Major hosting companies already are conducting trials with Crusoe systems, said executives at RLX and Santa Clara, Calif.-based Transmeta.
"There is a domino effect on the support infrastructure," said Chris Hipp, chief technology officer at The Woodlands, Texas-based RLX. "These are things that cost a lot more than your server hardware...Heat is the primary killer of electronic hardware."
Although it is unclear how well these servers will do in the open market, using Crusoe chips in this market appears to be a logical move, said Linley Gwennap, principal analyst of The Linley Group. Web servers are typically required to do relatively repetitive tasks, which often do not require the most ornate chips from Intel or Sun.
Besides that, space is king.
"If you can get rid of the heatsink," Gwennap said, referring to a cooling component, "you can double the number of processors."
Is size the answer?
RLX, founded by former executives from Compaq Computer, is essentially trying to produce smaller servers that consume less power. Although that goal would be contradictory under current server architectures, RLX believes the design of its upcoming servers will reverse the trend.
Adopting Crusoe processors, Hipp added, is not the only enhancement. RLX's servers also conserve on cable. A rack of the company's servers will require only about one-twelfth the amount of networking cable.
The servers also come in a different type of case. Current Web servers come in individual cases the size of pizza boxes that slide into racks. By contrast, RLX's server, code-named Razor, will essentially be naked circuit boards, or blades, that slide into a case that takes up less room than racks.
This type of server design is common in the telecommunications industry. Many of RLX's engineers, Hipp pointed out, come from networking company Nortel Networks.
The Razor also weighs less than comparable servers. A complete stack of Razor blades provides as much computing power as 15,000 pounds of servers from VA Linux Systems, Hipp asserts.
"If you can increase server density, you can increase efficiency," he said.
RLX will come out with its first servers during the first half of the year.
FiberCycle, a server start-up headed by Spiro Koulouros, will come out with its products sometime this year, a spokeswoman said, declining further comment.
By contrast, Rebel.com shows no preannouncement elusiveness. The Netwinder 3100 will be its first Transmeta-based server. The box will cost approximately $1,795 and come with a 5400 Crusoe processor, 128MB of memory, and a 10GB hard drive.
The current Netwinder comes with a StrongArm processor. Although the StrongArm is often held up as an example of a low-power chip, the Crusoe version is faster.

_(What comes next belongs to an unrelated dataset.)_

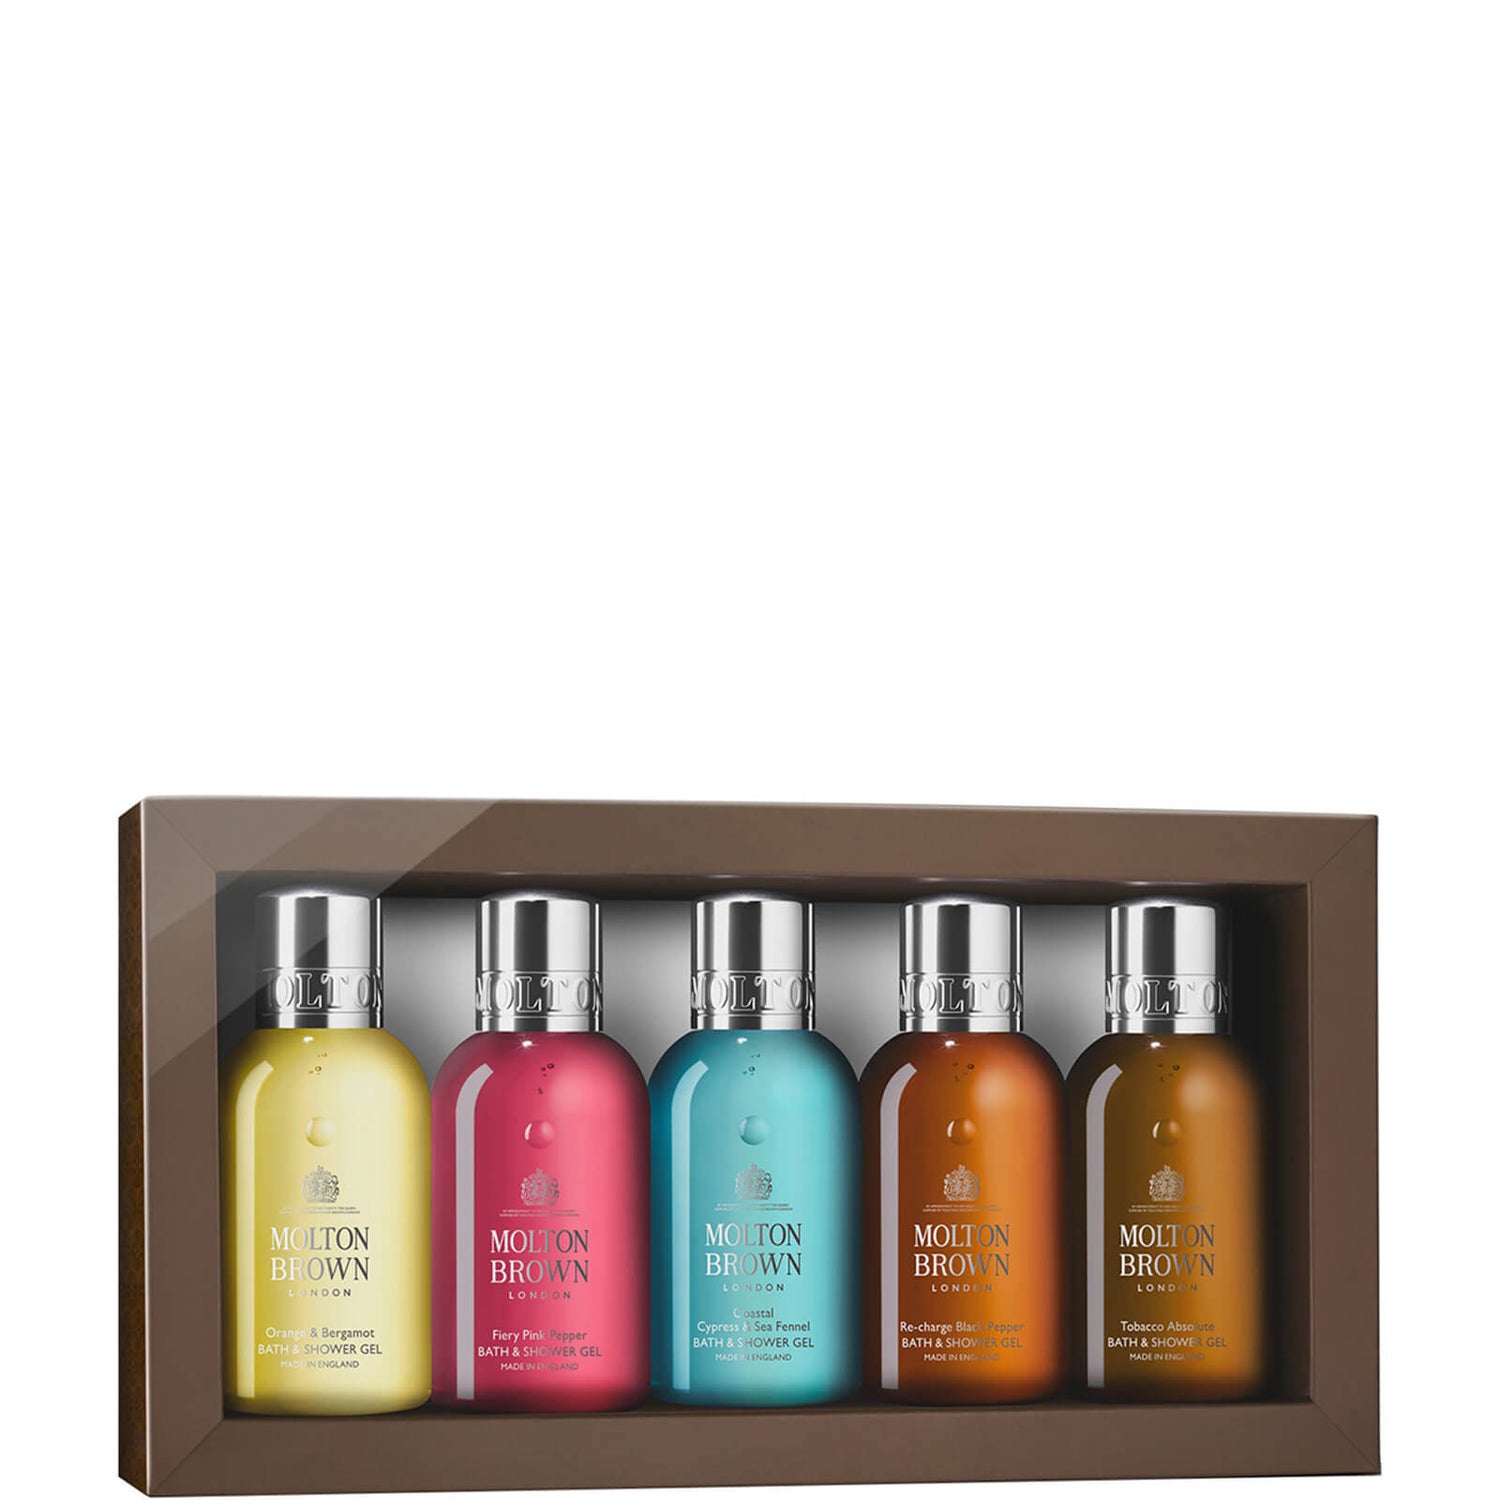 MOLTON BROWN The Icons Travel Collection

Unlike competitors' products, however, Transmeta-based servers will not be capable of multiprocessing. Transmeta is not planning to come out with a chipset that will allow for multiprocessor boxes, said Marc Adams, who runs Transmeta's non-notebook sales division. But because these servers require fewer fans and cooling components, he said, a single server case will be capable of containing two separate single-processor servers.